BOGOTÁ, COLÔMBIA (FOLHAPRESS) - Em todos os fins de tarde nas COPs, as conferências climáticas da ONU, é possível ouvir a música-tema dos filmes "Jurassic Park". Ao redor da fonte de som encontra-se um pequeno aglomerado de gente, uma pessoa vestida de esqueleto de dinossauro inflável e outra com fantasia de esqueleto humano.
É a premiação irônica Fóssil do Dia.
O anti prêmio, obra da CAN (Climate Action Network-International), uma rede com mais de mil ONGs espalhadas pelo mundo, coloca no pódio literalmente, alguém representando o país sobe em um pódio países que estão fazendo o máximo para conseguir o mínimo no combate às mudanças climáticas, segundo a própria organização.
A ação satírica diária serve de alívio cômico e momento mais leve em meio a uma conferência essencialmente técnica, densa e lotada de engravatados andando apressados para cima e para baixo.
Mas o mote e os objetivos do antiprêmio são sérios. Afinal, a partir do prêmio é possível ter um vislumbre que como andam as negociações, quais posições defendem os países e expor à luz do dia quem está travando conversas que poderiam fazer evoluir discussões para um futuro climático decente.
"Expor" é a palavra porque as negociações são fechadas à imprensa, mas membros de ONGs, além dos negociadores, podem estar presentes nas salas em que cada item dos acordos é tratado. São discussões extremamente técnicas, que necessitam de olhos e ouvidos bem treinados e conhecimento no tema.
A CAN, dessa forma, acompanha de perto as negociações e, além da ação satírica, organiza entrevistas coletivas para mostrar como andam as negociações durante as COPs.

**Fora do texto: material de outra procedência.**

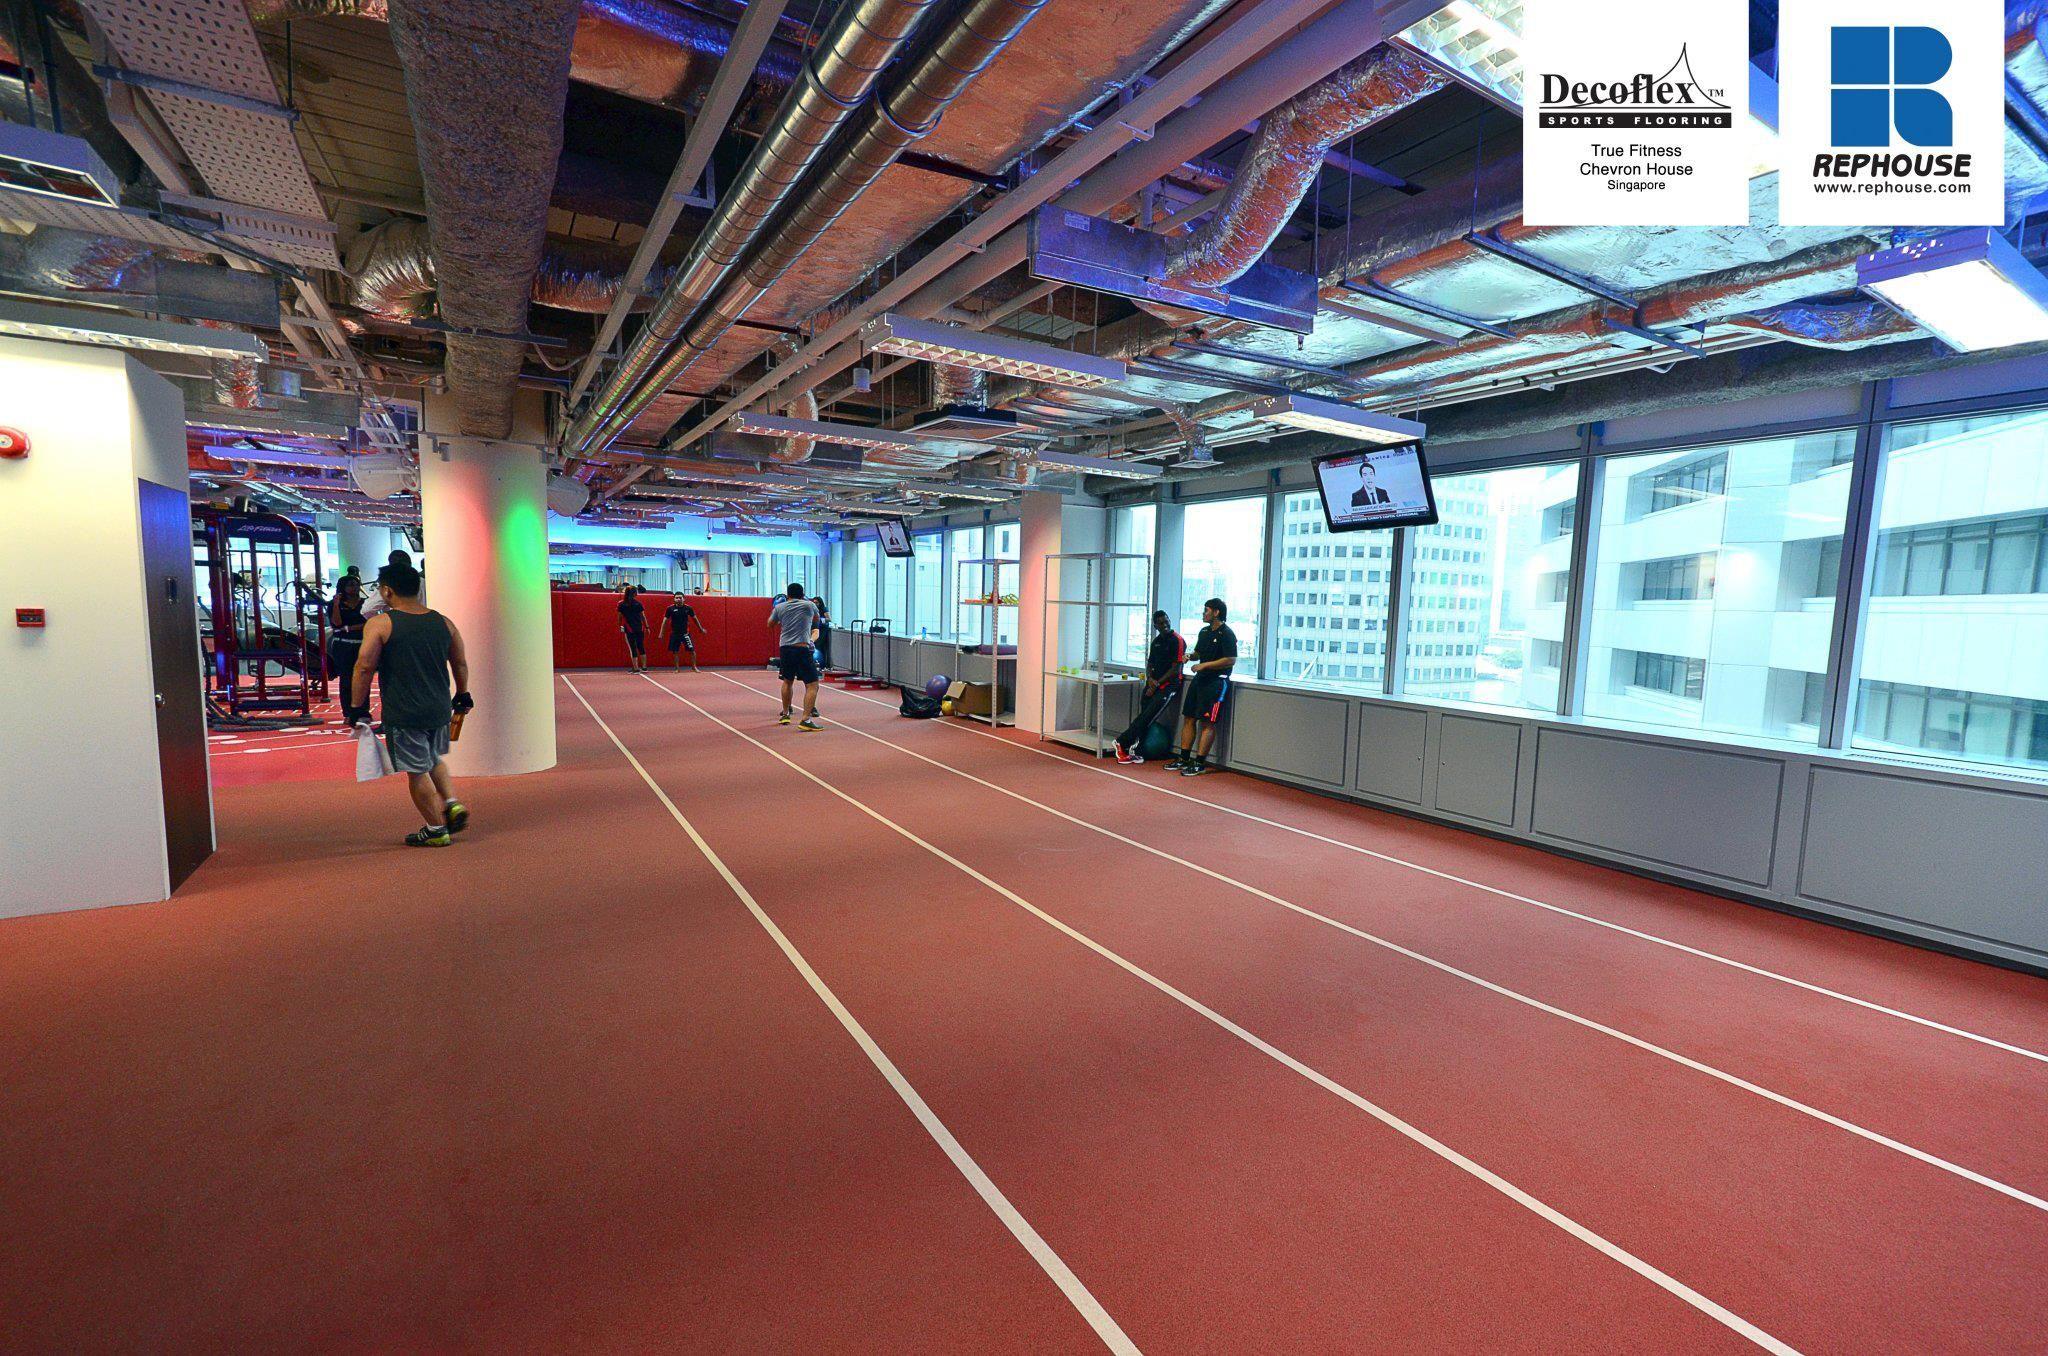 Decoflex Indoor Sprint Fitness Running Track True Fitness Chevron House Singapore Running Track Singapore Tennis Court
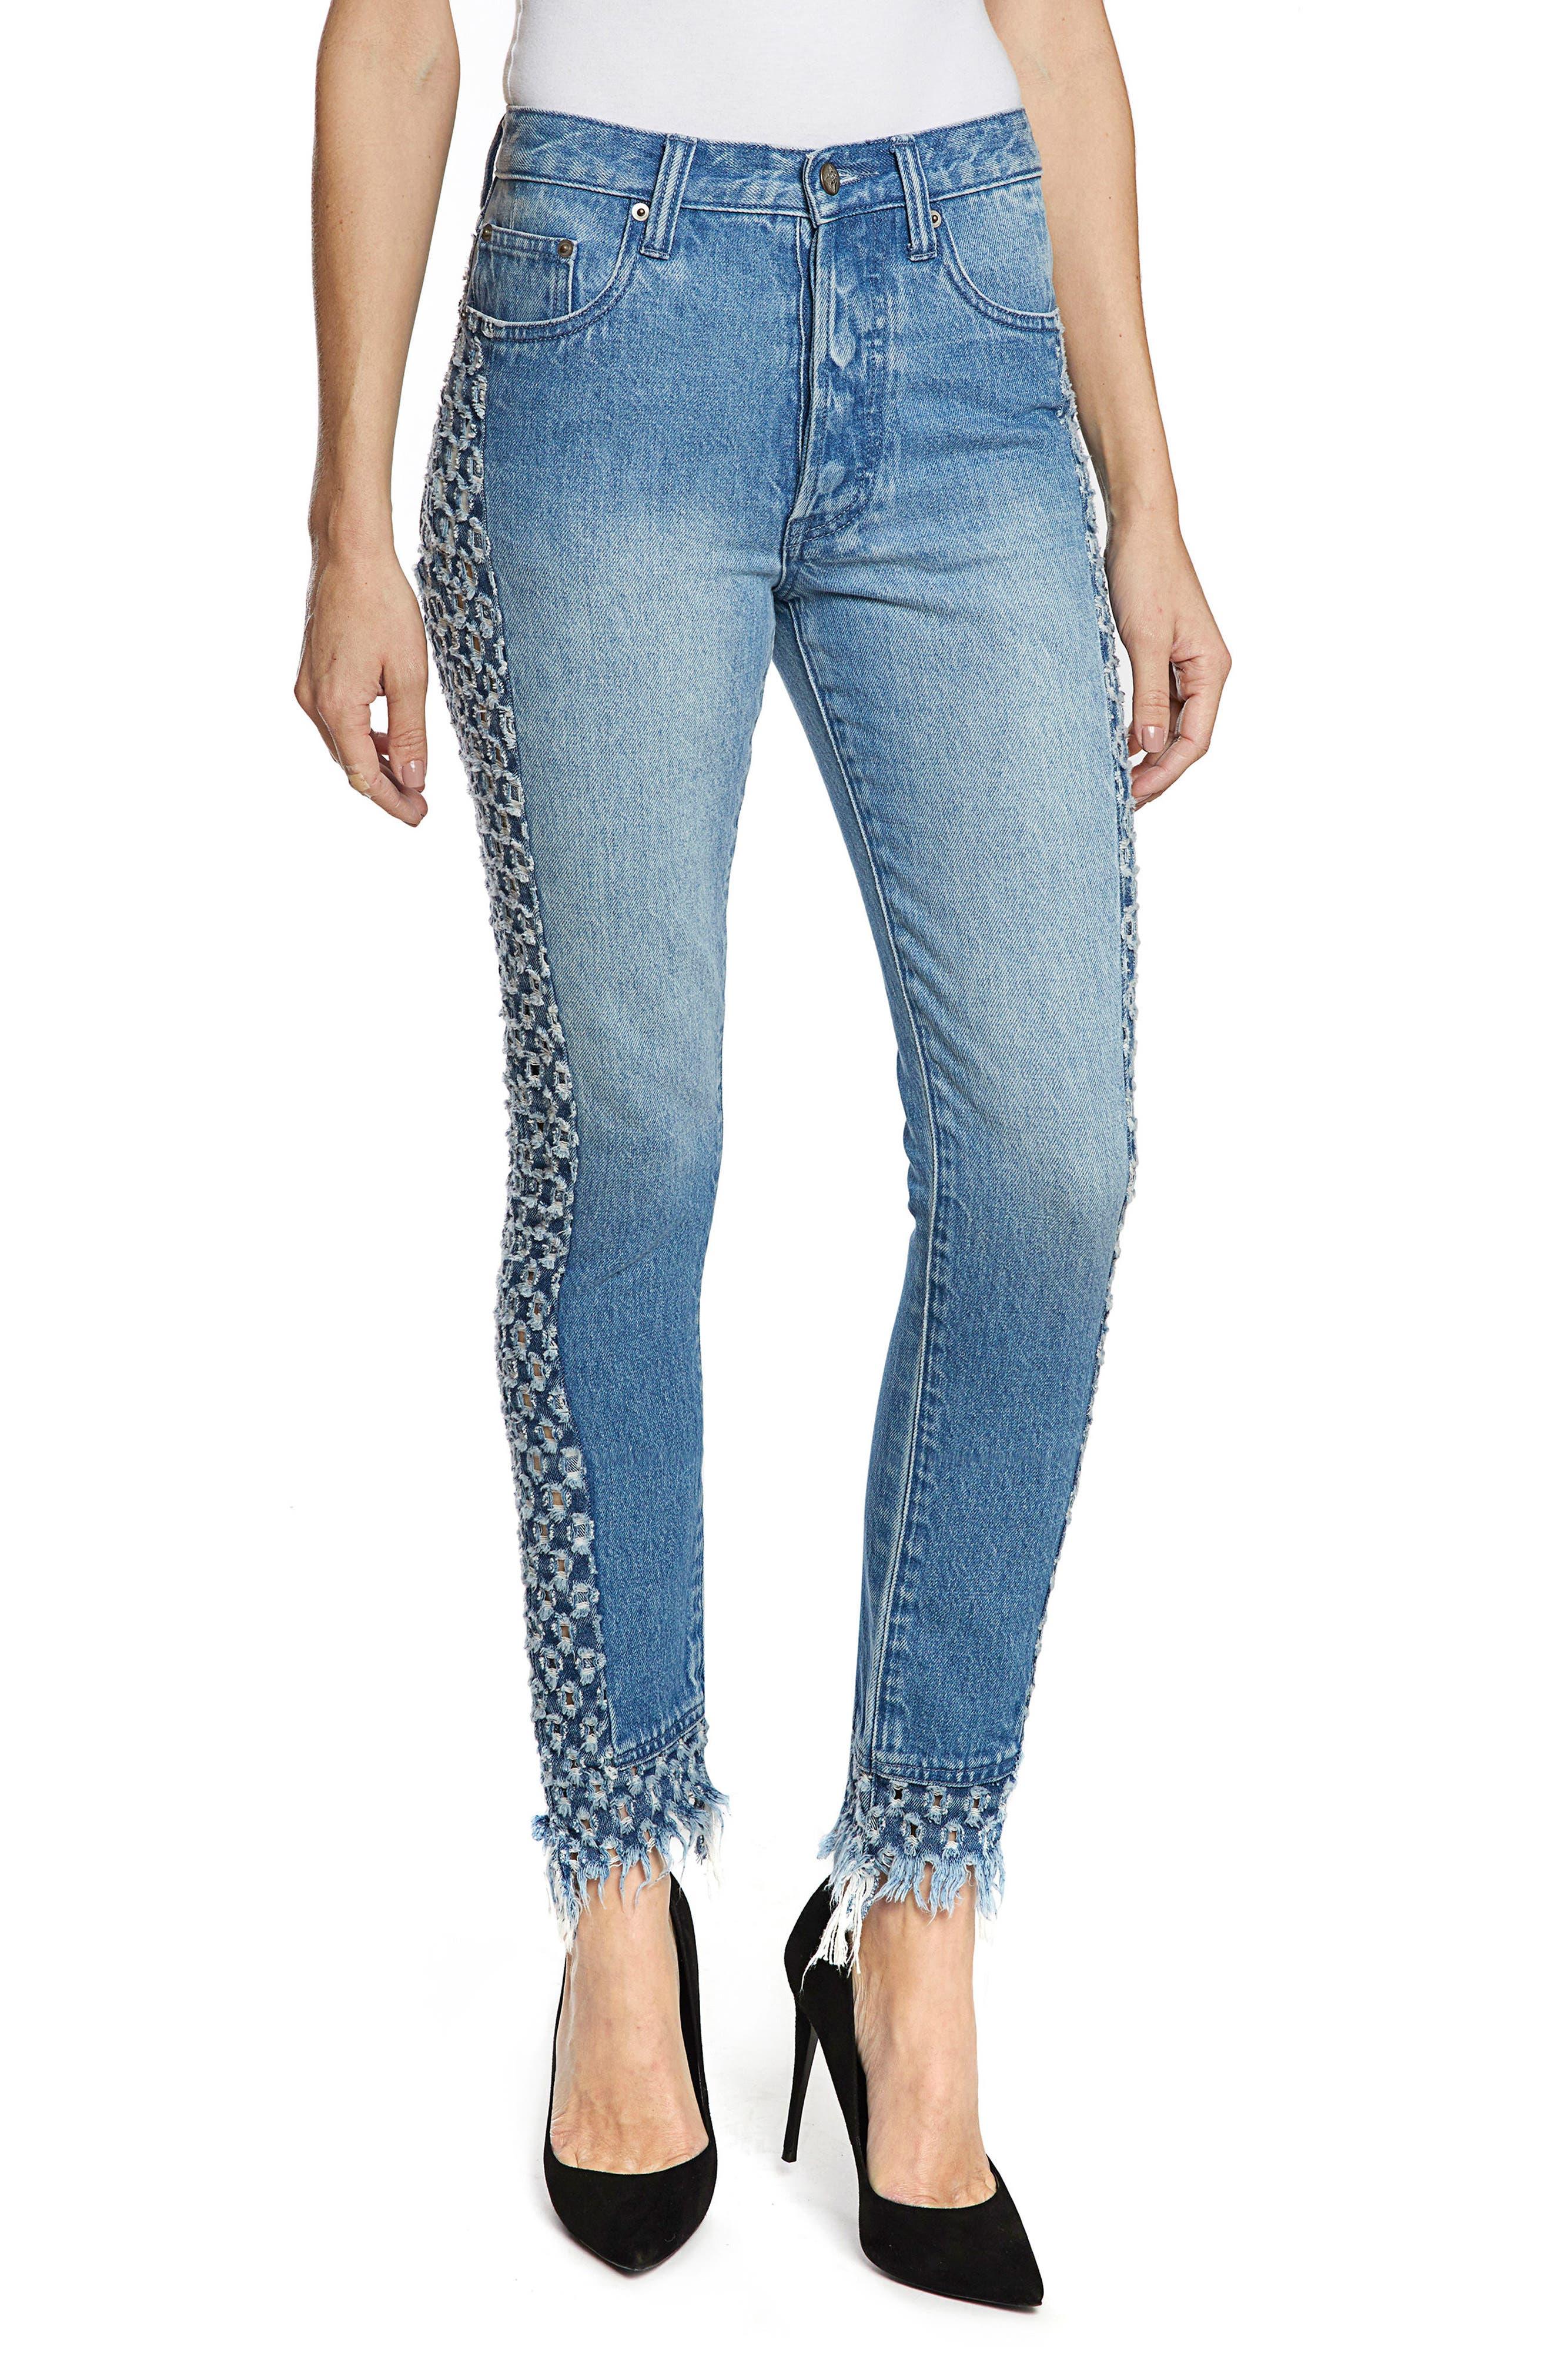 AMX Cutout Side Fray Hem Ankle Jeans,                         Main,                         color, LIGHT STONE

A tradição do Fóssil do Dia começou em 1999, em Bonn, na Alemanha. E o Brasil é um dos países bastante lembrados na premiação nos últimos anos. Na comemoração dos cinco anos do Acordo de Paris, em 2020, durante o governo Jair Bolsonaro (PL), houve uma edição especial do prêmio, levando em conta o conjunto da obra dos países até ali. E o Brasil recebeu dois Fósseis, um por não proteger as pessoas de impactos climáticos e outro pelo encolhimento dos espaços públicos de discussão.
O mais recente prêmio brasileiro foi em 2023, quando, no primeiro dia da COP28, houve o anúncio brasileiro do governo Lula (PT) da intenção de adesão ao cartel petroleiro Opep+.
O Fóssil do Dia é só uma parte do prêmio, porém. Há um prêmio maior ao fim das COPs: o Fóssil Colossal, que vai para o conjunto da obra de algum país durante a conferência.
Bem mais raramente, a CAN ainda dá o chamado Ray of the Day algo como o Raio do Dia, que, dessa vez sem ironia, premia boas ações de países. Na COP30, em Belém, no Brasil, o primeiro dia de prêmio trouxe essa surpresa. Um Ray of the Day para G77 e China, "por iluminar o caminho para uma transição justa".